Three experiments are thus defined, referred to in the paper as 1°, 2°, and 3° according to the used resolutions for the analyses. These experiments are considered representative of the current range of horizontal resolutions utilized in GCMs for climate simulations. A fourth, fifth and sixth experiments, referred to as 1° + 12, 1° + 24 and 1° + 48 h, are run by using 1° resolution input data but less frequent—12, 24 and 48 h apart, respectively—boundary updates for the large-scale meteorological fields. In HIRLAM, the time varying boundary conditions during model integration are defined by linear interpolation between large scale data at consecutive boundary update times. This last set of experiments attempts to analyze the effects of a low-frequency GCM output system, a characteristic often required owing to data storage limitations. The effects of the LBCs update is probably dependent on the dimension of the integration domain to some extent, in the sense that the smaller the domain, the larger and quicker is the impact of the error arising from the linear interpolation of two boundary conditions too far apart. To explore this issue, a sensitivity analysis of the robustness of the results with respect to integration domain dimension could be carried out, but this kind of analysis is beyond the scope of the study.

Precipitation forecasts are compared against observed rainfall. For each day, observations are interpolated into the 408 model grid points that lie inside the study area, using the kriging method from a network of 410 rain-gauge stations (Fig. 1). Several verification scores are derived from these individual comparisons to assess the model performance for experiment: mean spatial correlation and its standard deviation among the 165 modeled and observed precipitation events (\({\bar{r}}\) and σ r respectively); analogous, mean spatial and standard deviation of the root mean square error (\({\bar{\varepsilon}}\) and σɛ respectively); and the area under the relative operating characteristic curve (ROC score). The event-average of the spatial distribution of precipitation from observations and from the set of experiments are also compared.

The ROC curve method, based on the Signal Detection Theory, is a relatively new approach in Atmospheric Sciences, having been brought into the field as a verification tool by Mason (1982).
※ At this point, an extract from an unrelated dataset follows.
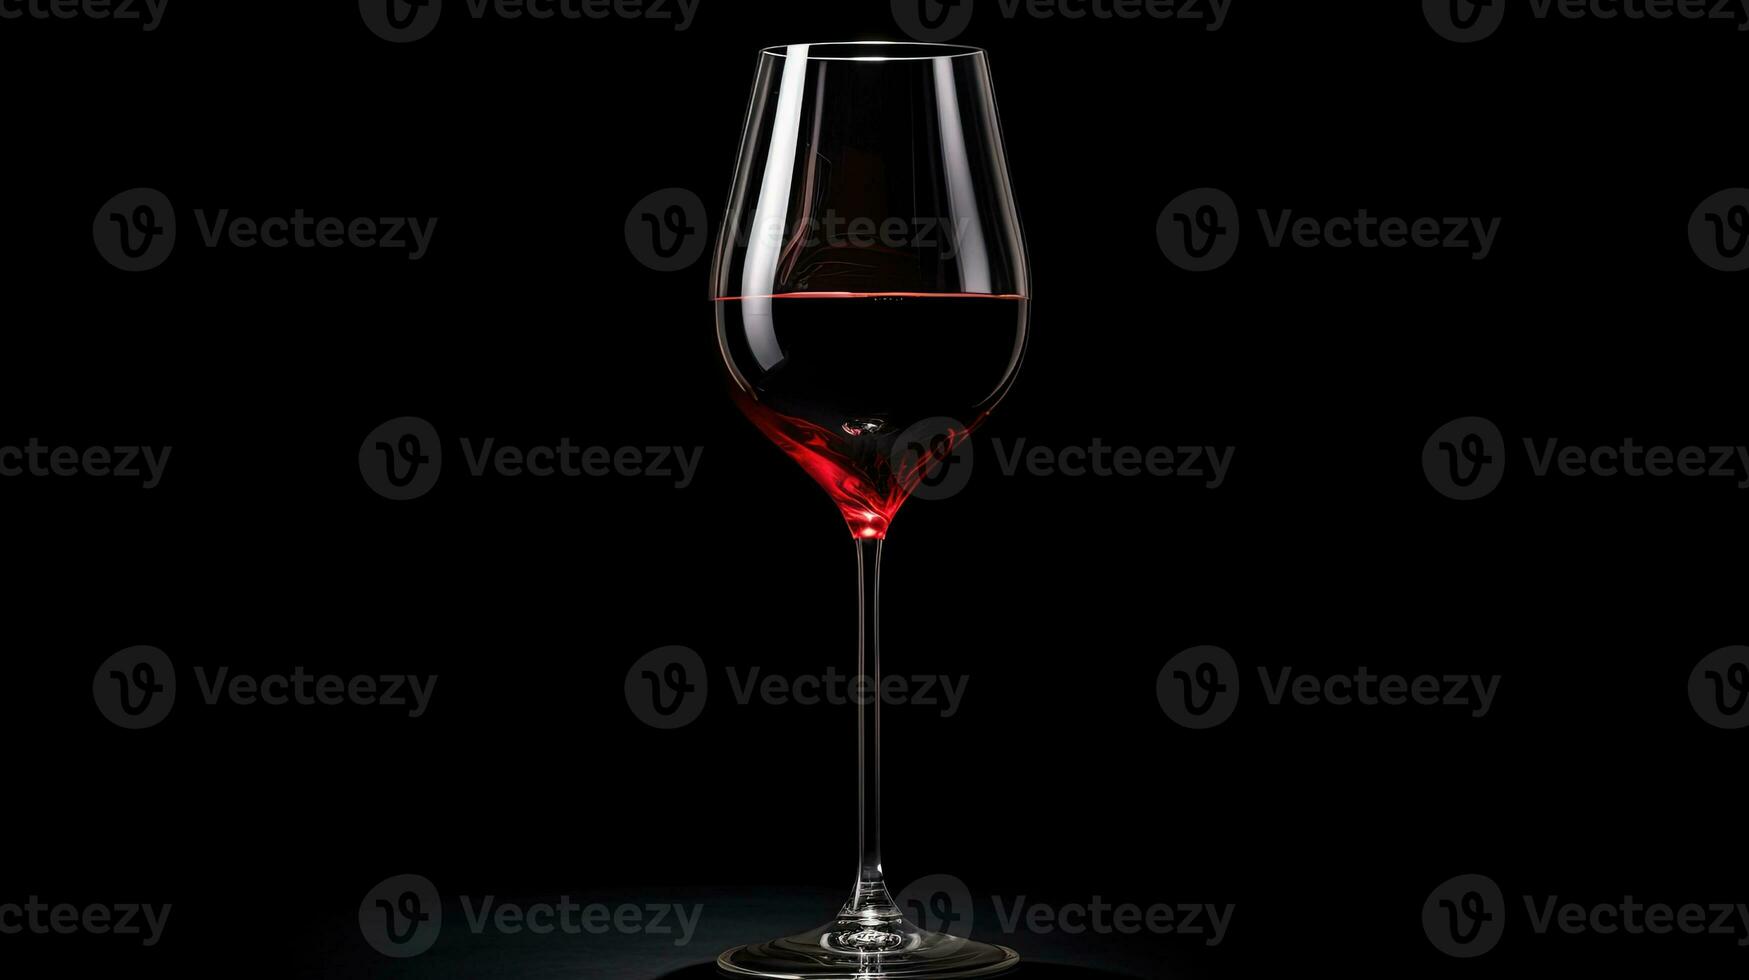 ein Glas von rot Wein auf ein hoch Bein gegen ein schwarz Hintergrund. Silhouette Konzept foto
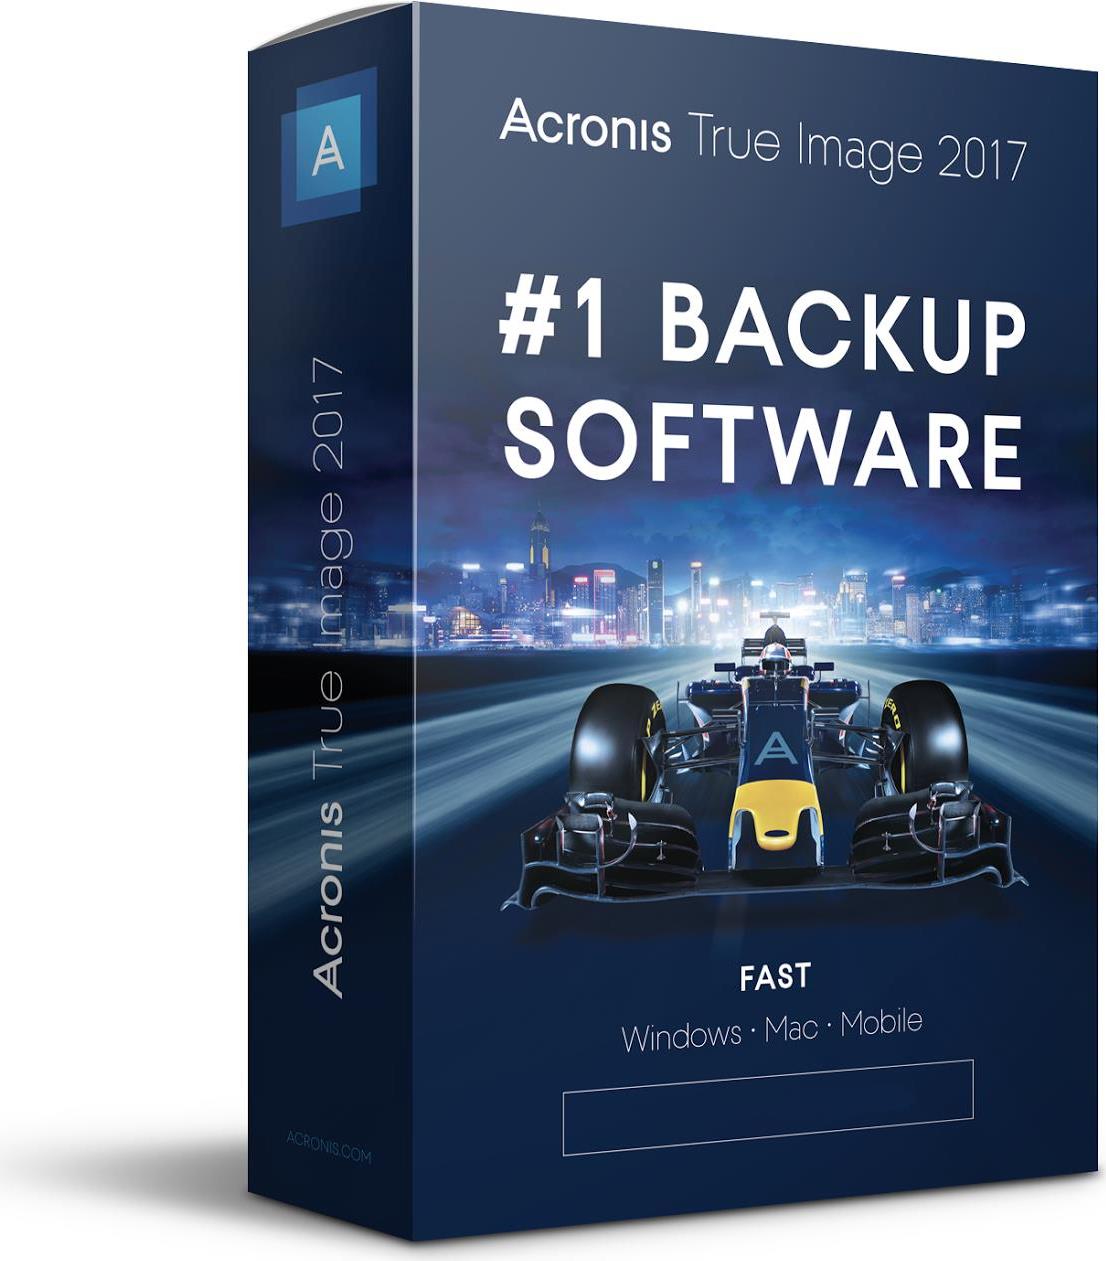 Acronis True Image - Abonnement-Lizenz (1 Jahr) - 3 Computer, 50 GB Cloud-Speicherplatz - Win, Mac, Android, iOS

The method combines false alarm rate (FAR) and probability of detection (POD) for a discrete number of predefined thresholds, giving an equal number of points on a graph of POD (vertical axis) against FAR (horizontal axis) to form the ROC curve. The area under the curve, or ROC score, is then used to assess the skill of the forecast system (Stanski et al. 1989). A perfect system yields an area of 1, whereas a curve lying along the diagonal (ROC score = 0.5) would reflect essentially worthless random forecasts. For the present study, ROC curves were constructed using precipitation thresholds set at 0, 1, 2, 4, 8, 16, 32, 64 and 128 mm.

3 Results and discussion

A multiperspective approach has been followed to summarize the model performance for the six types of simulations. First, the overall performance for the bulk of Mediterranean Spain is examined, and then the analysis is refined by taking into account the spatial variability of the results and six heavy rain-bearing flow regimes.

3.1 Whole of Mediterranean Spain

The performance of the six sets of simulations is evaluated for all heavy rainfall days and the whole Mediterranean Spain. Results are summarized in Table 1 for correlation and root mean square error measures. The mean spatial correlation values for the 165 events do not show large differences among the experiments dealing with the spatial resolution, for all of them the correlation is close to 0.4. However, a small degradation of the forecasts is obtained as the spatial resolution of the input data decreases. Moreover, as the boundary update interval increases the forecasts have less skill, with similar values of correlation for the 3° and the 1° + 12 h experiments and significantly lower scores for 1° + 24 and 1° + 48 h experiments.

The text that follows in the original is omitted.